____ Exercise materials

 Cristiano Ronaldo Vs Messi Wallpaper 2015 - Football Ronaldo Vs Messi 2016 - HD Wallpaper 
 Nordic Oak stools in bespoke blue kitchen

________
____ Exercise materials

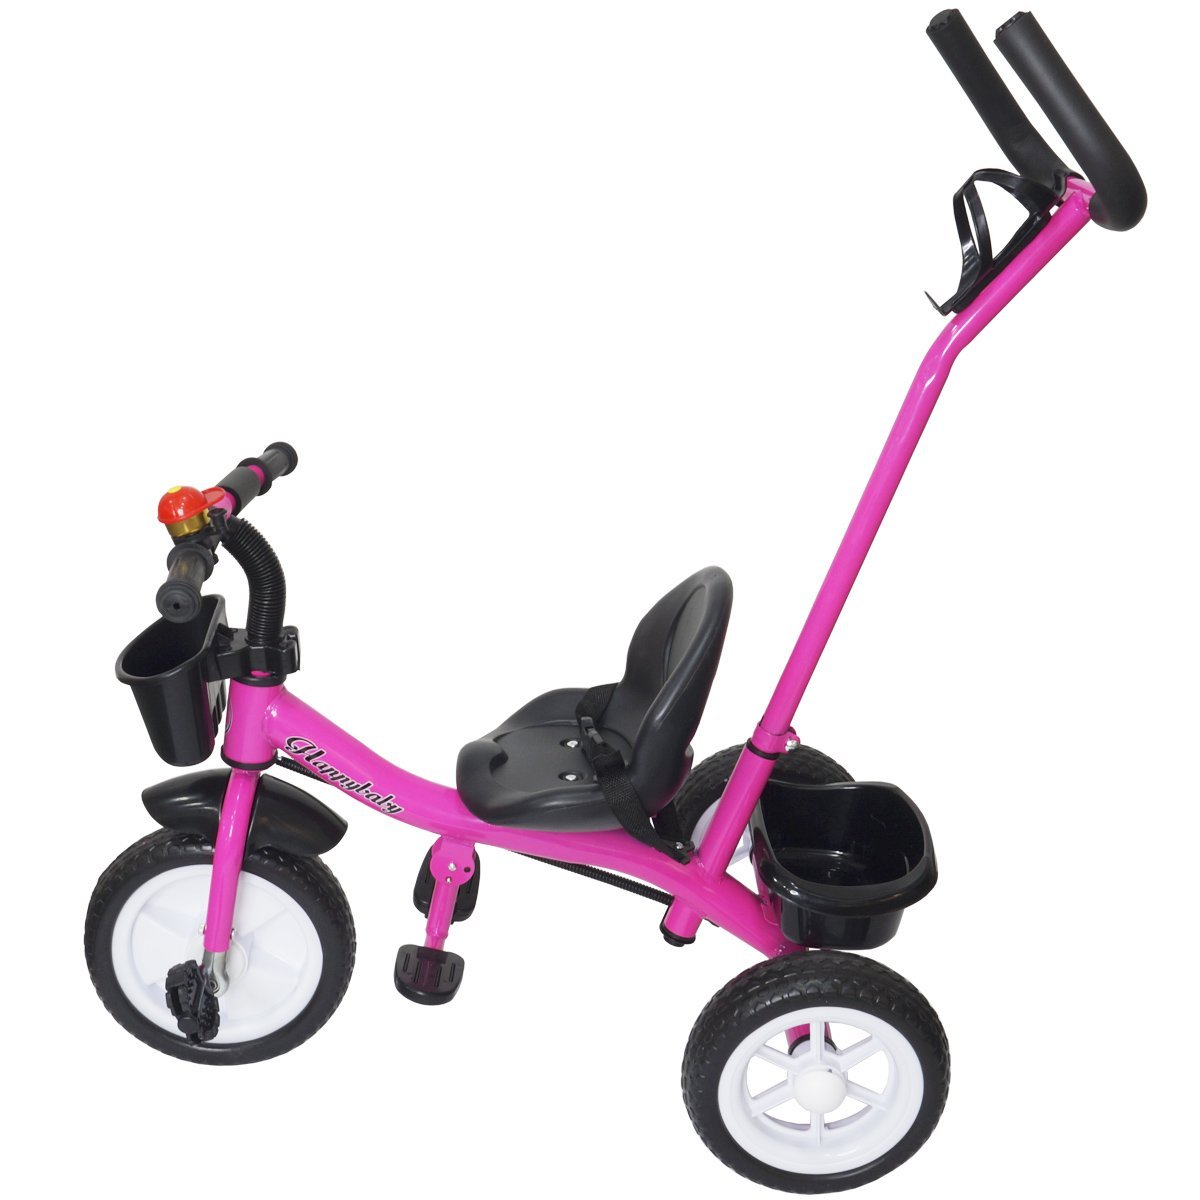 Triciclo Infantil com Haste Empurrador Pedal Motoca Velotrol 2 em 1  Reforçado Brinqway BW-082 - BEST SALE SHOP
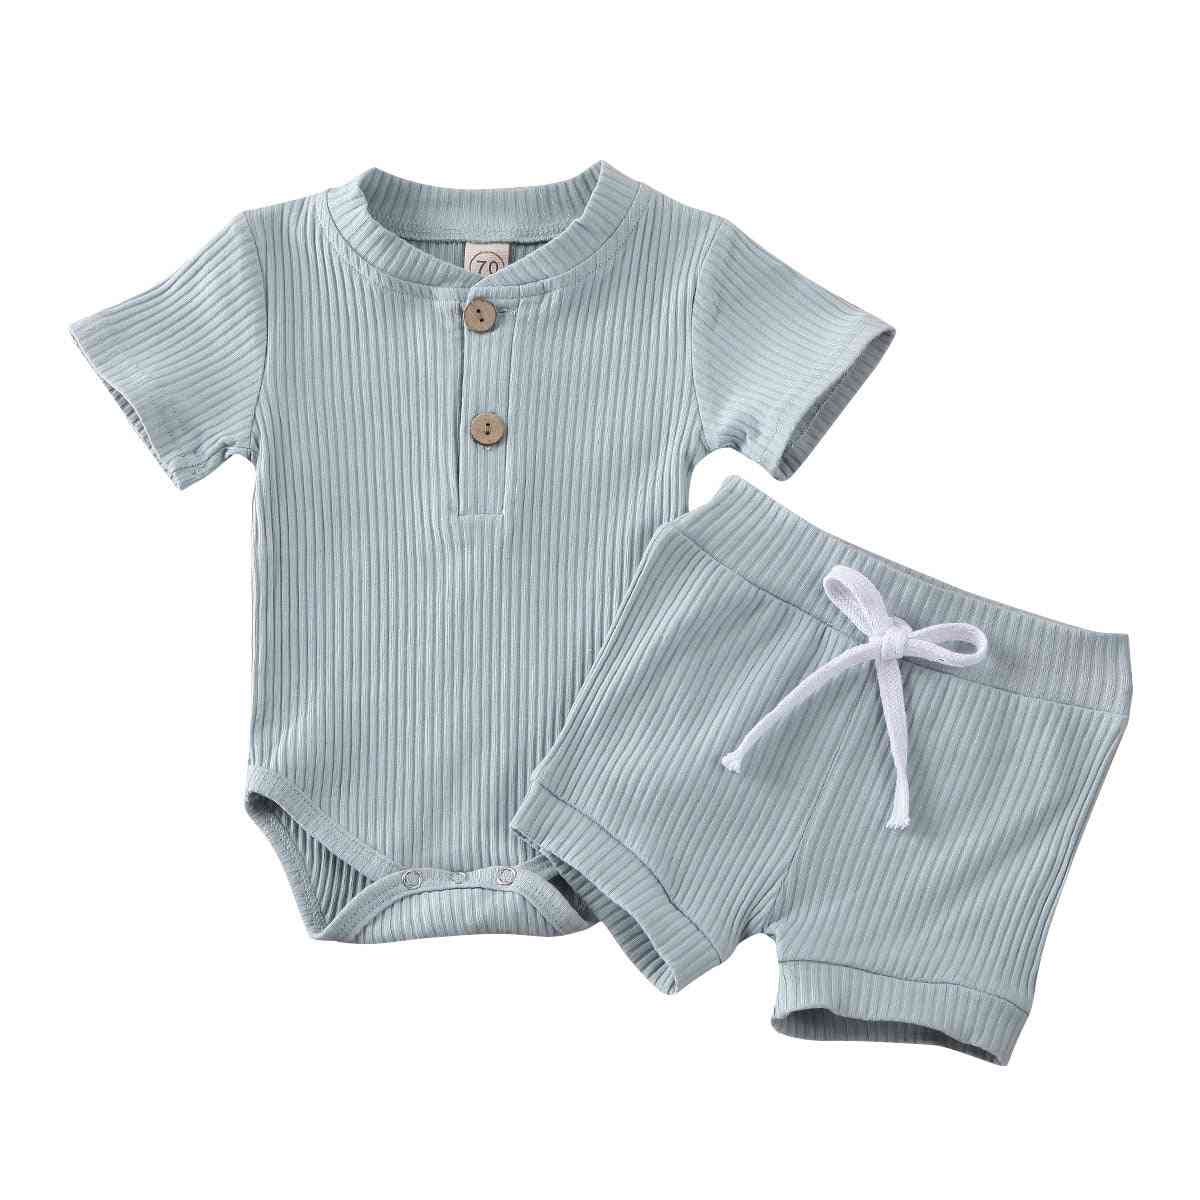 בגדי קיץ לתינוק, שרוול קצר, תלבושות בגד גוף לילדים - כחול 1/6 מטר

________

• The problem:
From the entries above, return exactly the line containing "Cristiano Ronaldo Vs", the line containing "Nordic Oak stools in bespoke blue kitchen", and all lines between, and nothing else.

• Completed task:
 Cristiano Ronaldo Vs Messi Wallpaper 2015 - Football Ronaldo Vs Messi 2016 - HD Wallpaper 
 Nordic Oak stools in bespoke blue kitchen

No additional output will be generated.